To fine-tune we need something to fine-tune on.

We will fine-tune on our own conversation history, combined with a subset of the [OpenAssistant dataset][oa-dataset] to extend the training data with relevant examples.

We collect our own conversation history by running the following command:

```bash
./train/collect.py --model "HuggingFaceH4/zephyr-7b-beta"  # or whatever model you intend to fine-tune
```

This will create files `train.csv` and `train.jsonl` in the `train` directory.

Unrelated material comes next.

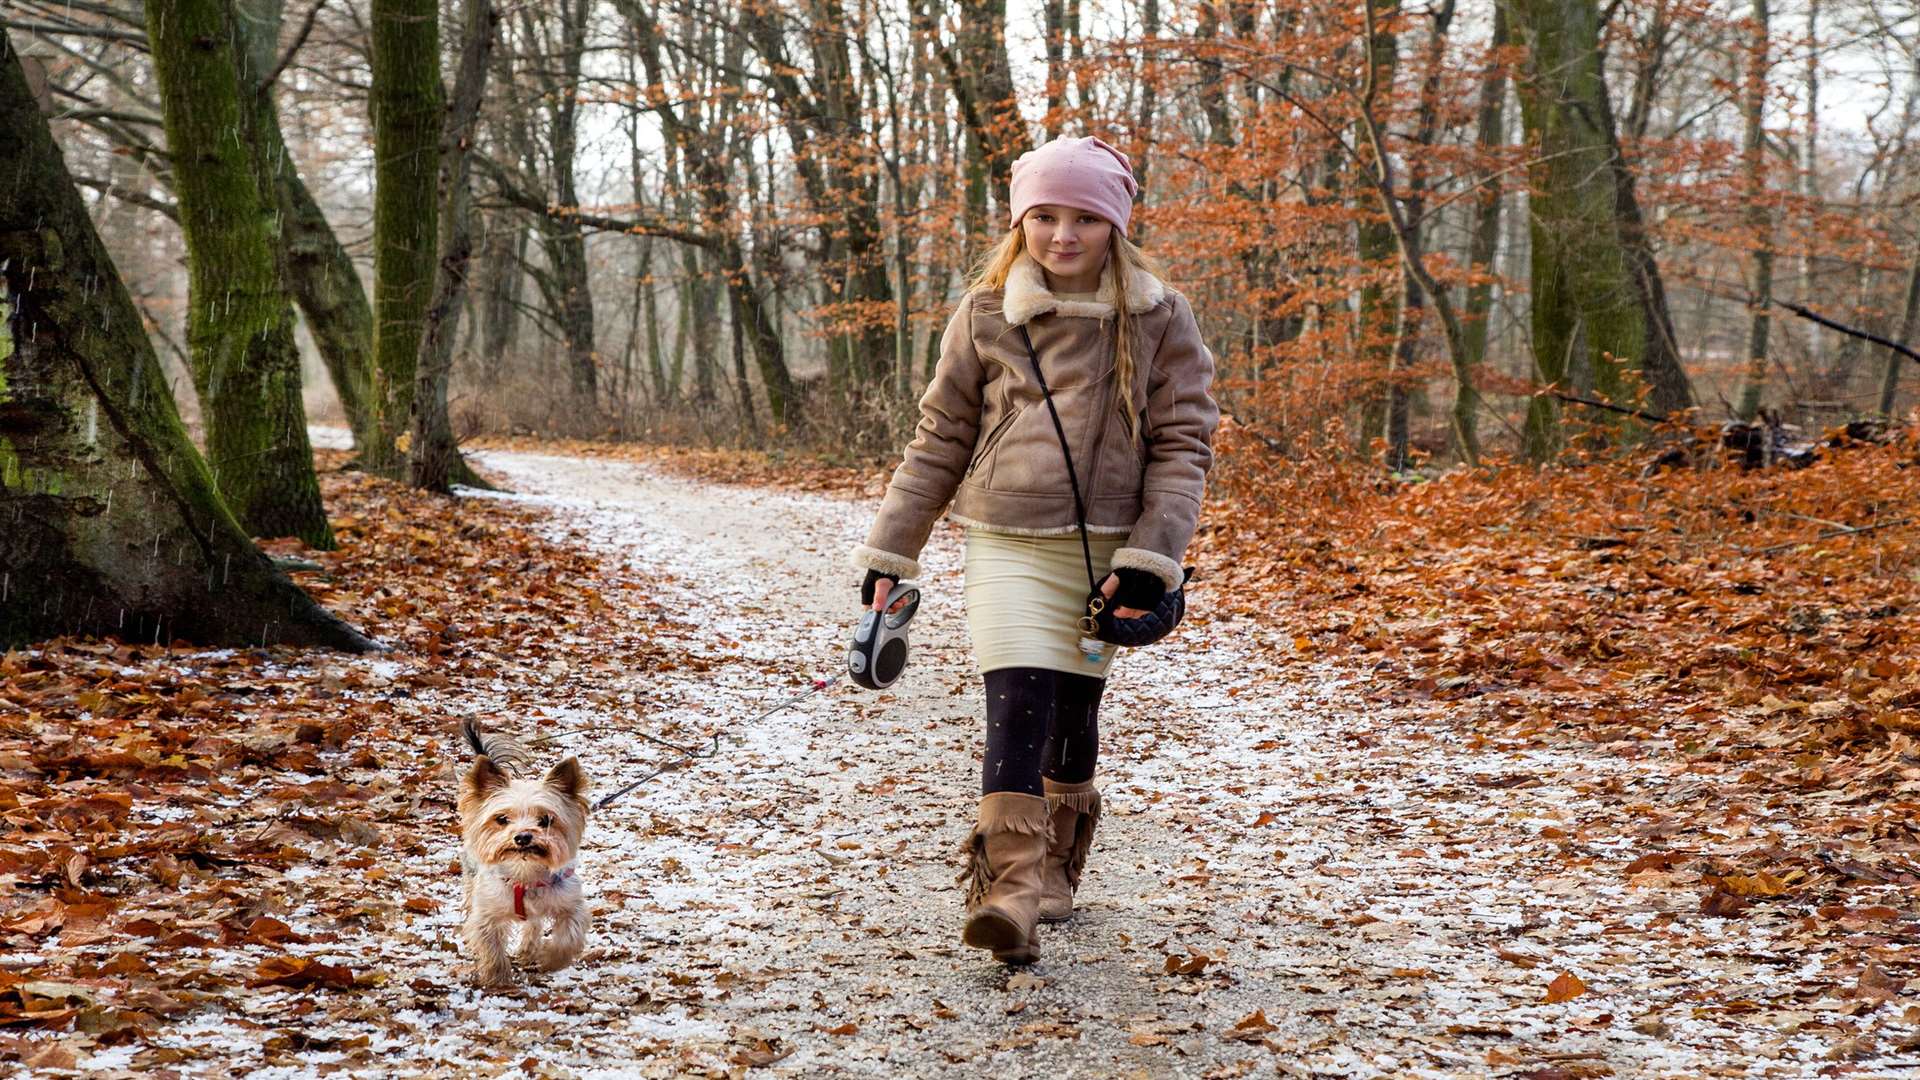 Take the dog on a family walk

TODO: describe how to get the OpenAssistant dataset
TODO: describe how to use exported ChatGPT conversations

## Step 2: Prepare the data

We need to prepare the data for fine-tuning. This involves:

 - Extend the data with examples from the OpenAssistant dataset
 - Splitting the data into train and validation sets
   - We might want to make sure that the validation set is comprised of examples from gptme, and not from the OpenAssistant dataset.

TODO...

## Step 3: Fine-tune the model

Options:

 - [axolotl][axolotl]
   - Does it support Mistral? (and by extension Zephyr)
 - [Hugging Face transformers][hf-transformers]
   - [Examples for Llama2][llama-finetuning] by Meta
 - [OpenPipe][openpipe]?
   - Looks interesting, but not sure if it's relevant for us.

TODO...

## Model suggestions

 - HuggingFaceH4/zephyr-7b-beta
 - teknium/Replit-v2-CodeInstruct-3B
   - I had issues with this one on M2, but would be good to have some 3B model as an example used in testing/debug.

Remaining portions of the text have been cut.